DUONG THU HUONG, renchérit. Sur le plan familial, elle a de nombreux cousins, mais  "ils ne se voient presque pas à cause de ces malentendus liés à l’Histoire qui créent des abîmes entre eux... Les vieilles personnes là-bas, ne peuvent oublier". Par ailleurs, dénonce-t-elle, le régime vietnamien est très habile à l’égard des journalistes étrangers, avenant, affable, usant de louanges, mais les crimes sont toujours dans le silence… ».


Cette phrase en jetterait presque un dans la salle...

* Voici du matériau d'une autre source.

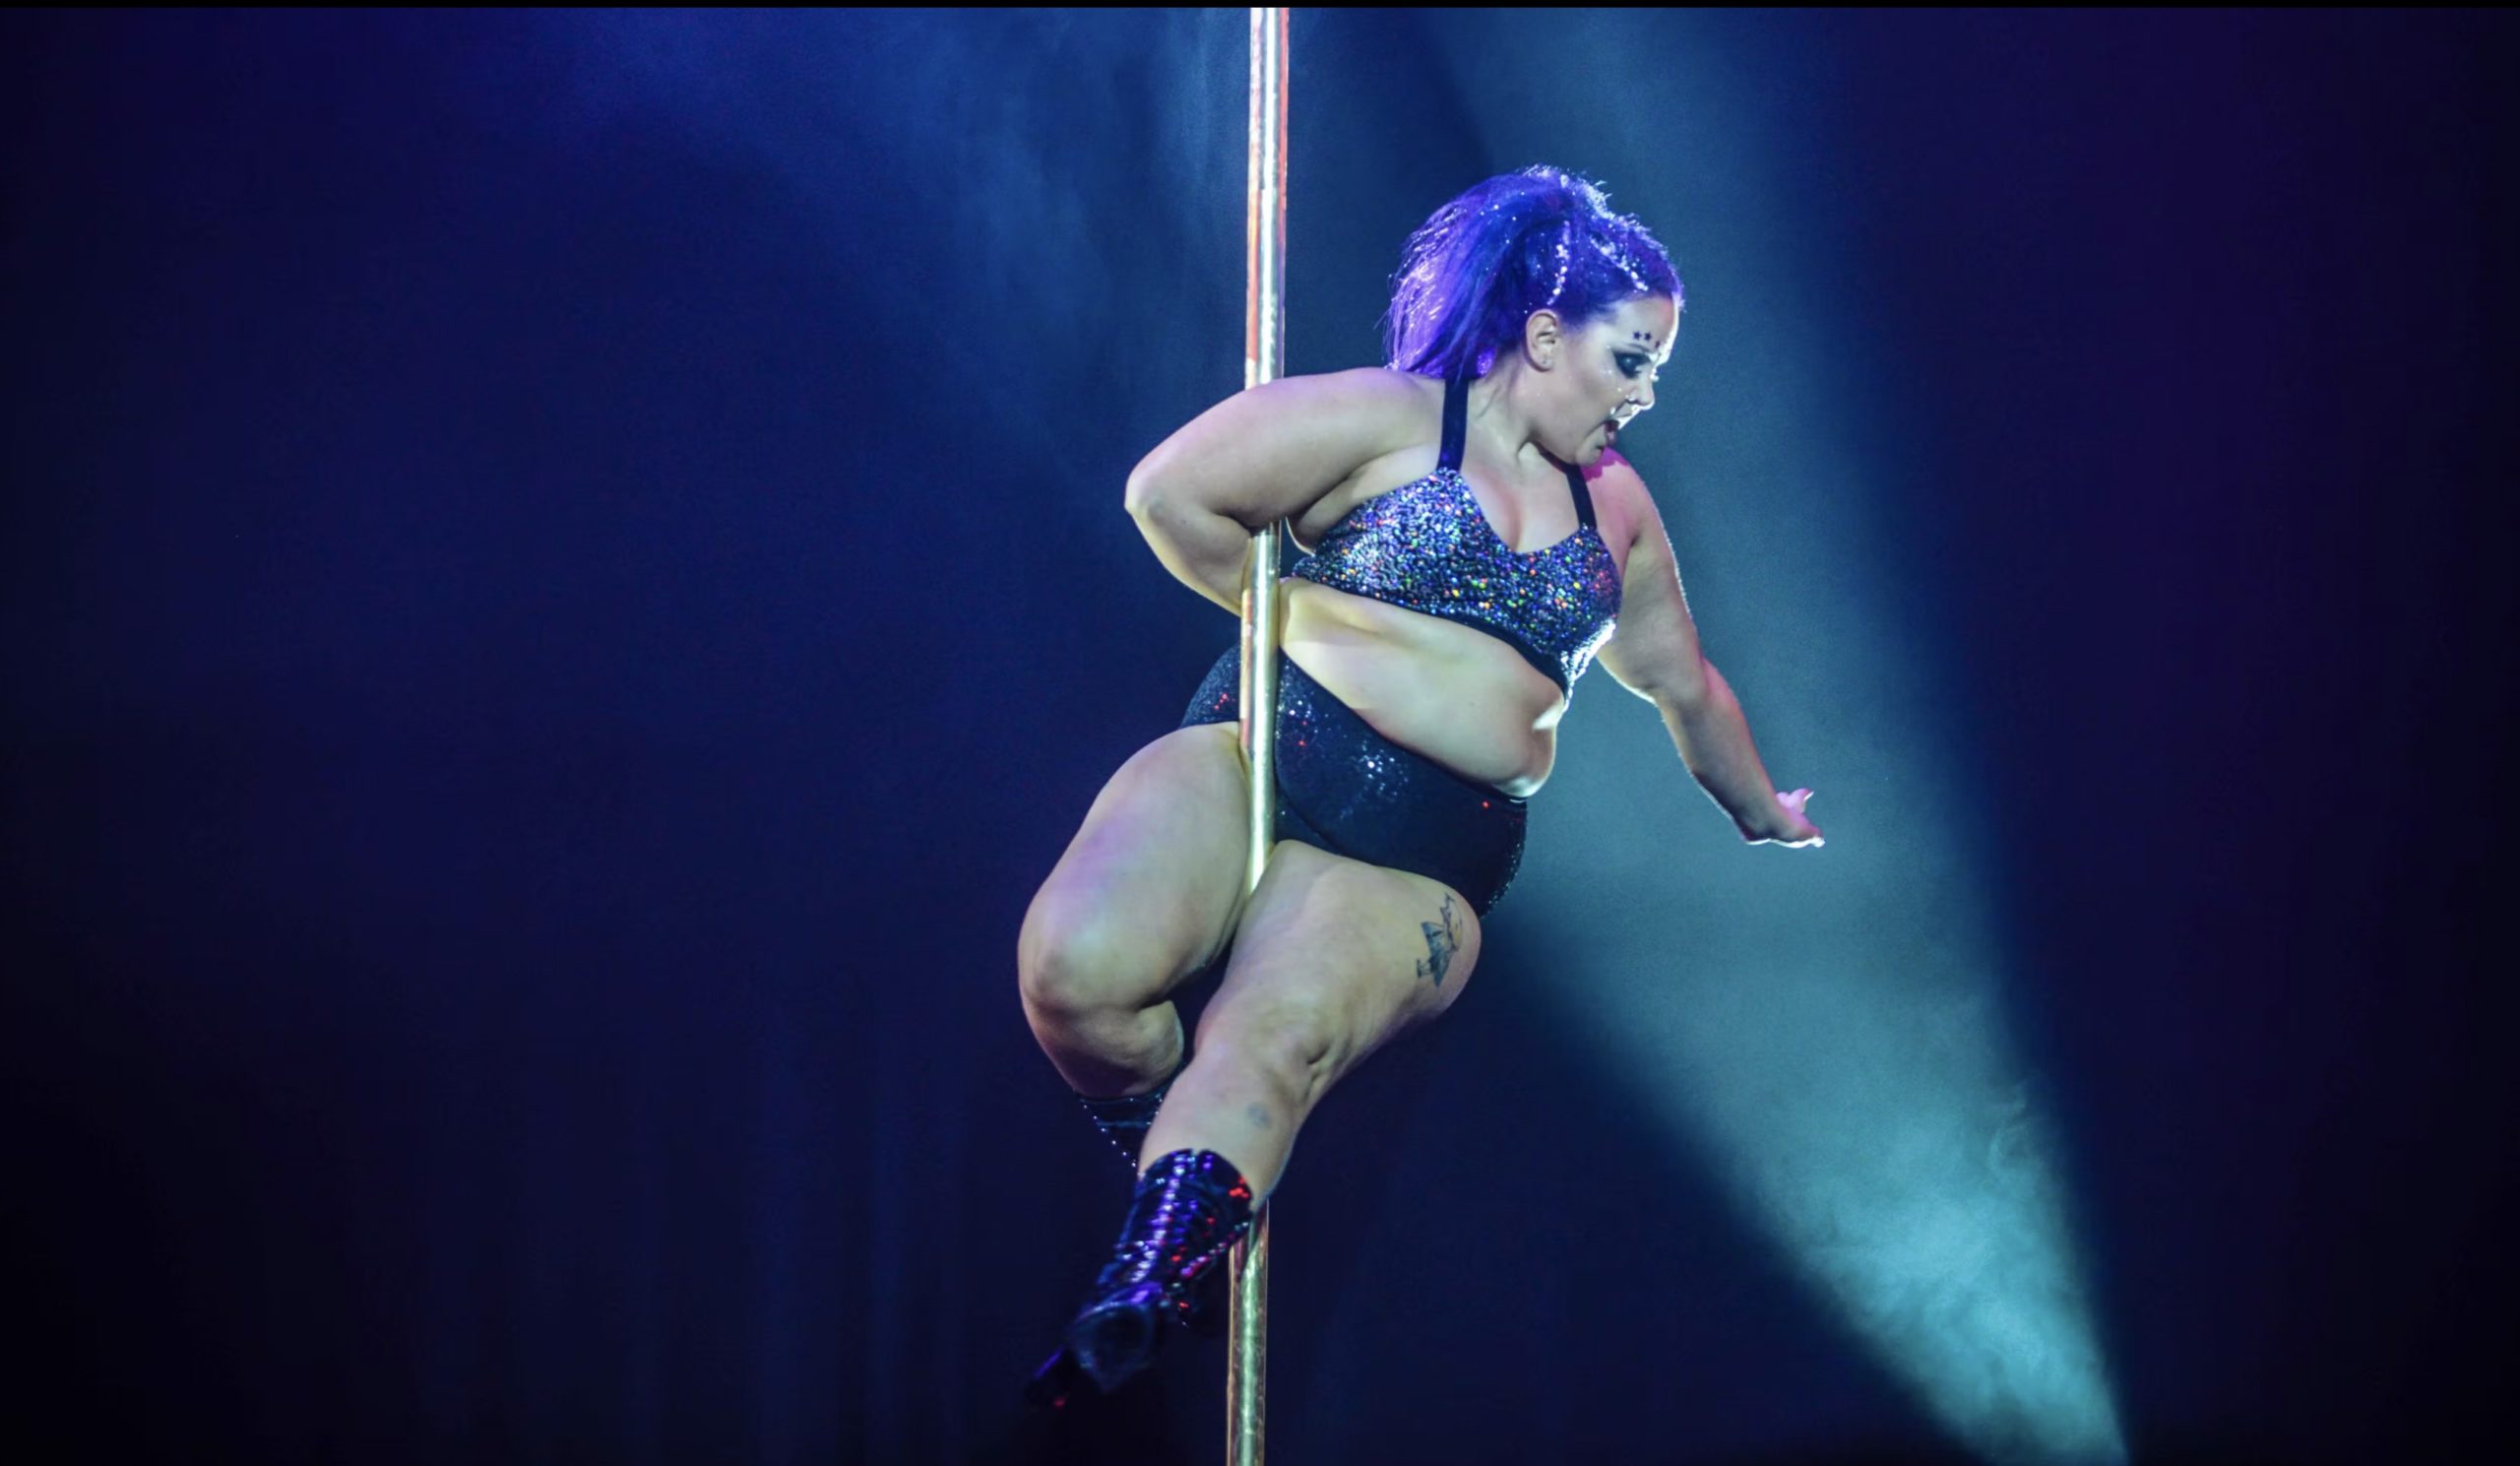 Female Pole Dancer Performer
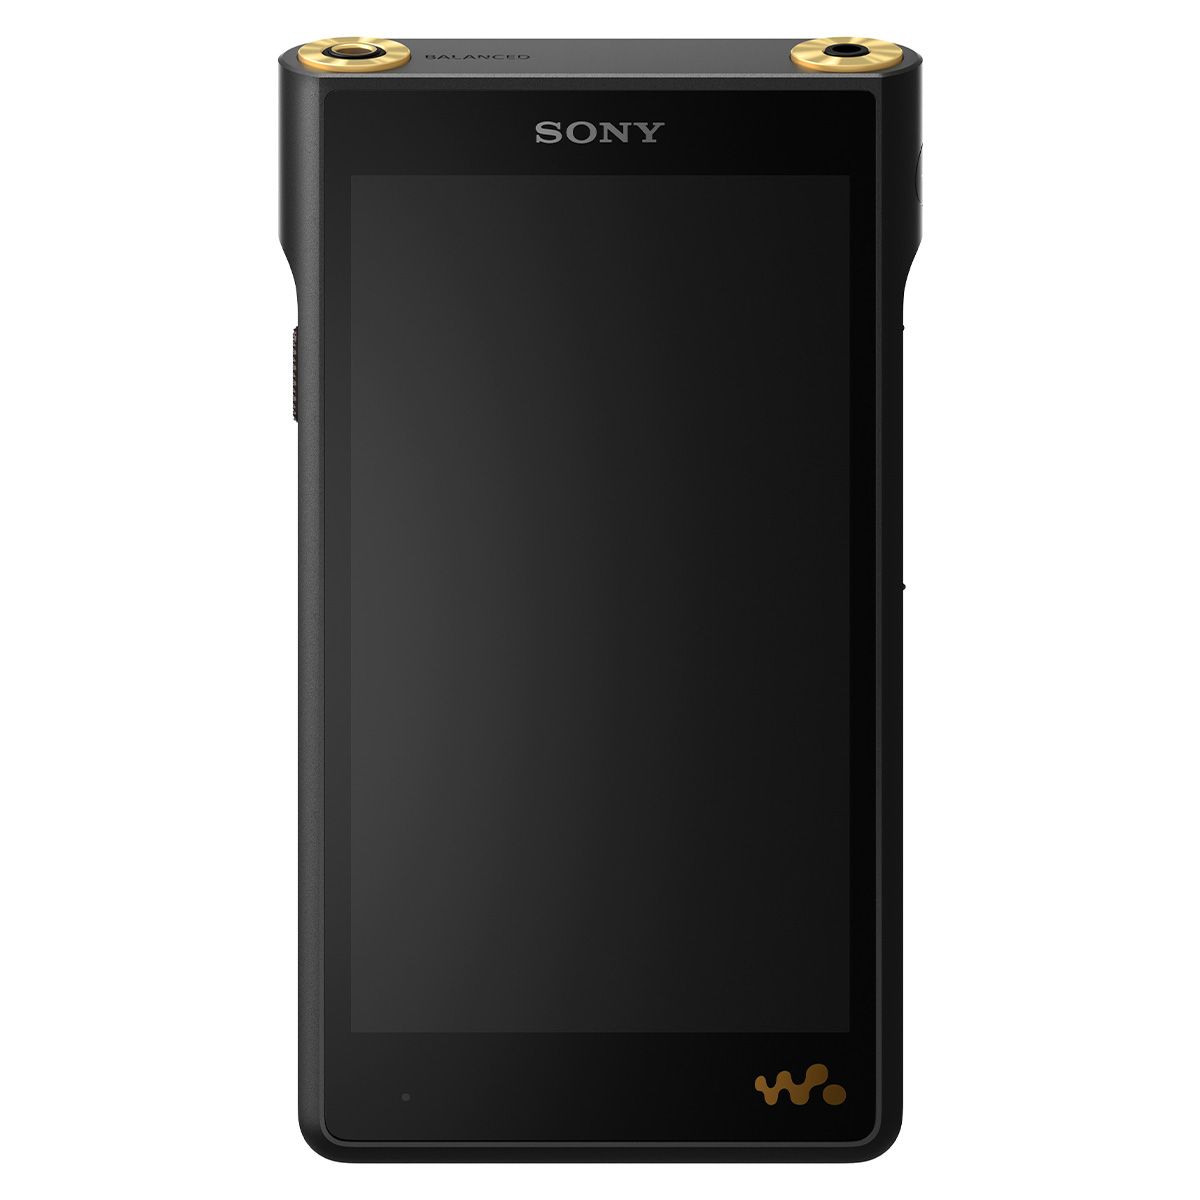 Sony WM1AM2 Walkman Digital Music Player - angled top view with blank screen

Au final, Guy CHOURAQUI compare ce livre à un Classique et conclut :

« pas de classique sans les replis de l’âme humaine ! ».

 



Je suis ressortie personnellement de la librairie avec l’impression d’une dissidente volontaire, rebelle, en quête de vérité comme un impératif, fortement imprégnée par son vécu et marquée par les déchirements, désireuse de rester proche d’un peuple muselé et contenu, s’opposant ouvertement et avec courage au régime en place.

 

 Présentation de l’auteure par la Librairie (magazine Conversations) :

«  Née en 1947 au Vietnam, Duong Thu Huong, pour avoir défendu ses convictions démocratiques, a été emprisonnée en 1991. Elle a vécu en résidence surveillée dans son pays jusqu’en janvier 2006, date de son arrivée en France pour la sortie de « Terre des Oublis » (Sabine Wespieser éditeur, Grand Prix des lectrices de Elle 2007). « Au Zénith » est le chef d’œuvre de Duong Thu Huong : voici un roman qu’elle portait en elle depuis plus de 10 ans, et où convergent son combat politique et son talent littéraire. »

BIOGRAPHIE :
DUONG THU HUONG est née en 1947. À 20ans, elle dirigeait une brigade de jeunesse communiste envoyée au front pendant la guerre. Avocate des droits de l’homme et des réformes démocratiques, elle n’a cessé de défendre vigoureusement ses engagements pour finir par être exclue du parti communiste en 1990, avant d’être arrêtée et emprisonnée sans procès. Depuis le succès de « Terre des Oublis » et de « Itinéraire d’enfance » (Sabine WESPIESER éditeur 2006 & 2007), elle vit à Paris, où elle se consacre à l’écriture, après des années de résidence surveillée à Hanoï. Bien que ses livres soient désormais interdits de publication dans son pays, elle reste au Vietnam un des écrivains les plus populaires et les plus discutés. Son œuvre est traduite dans le monde entier ».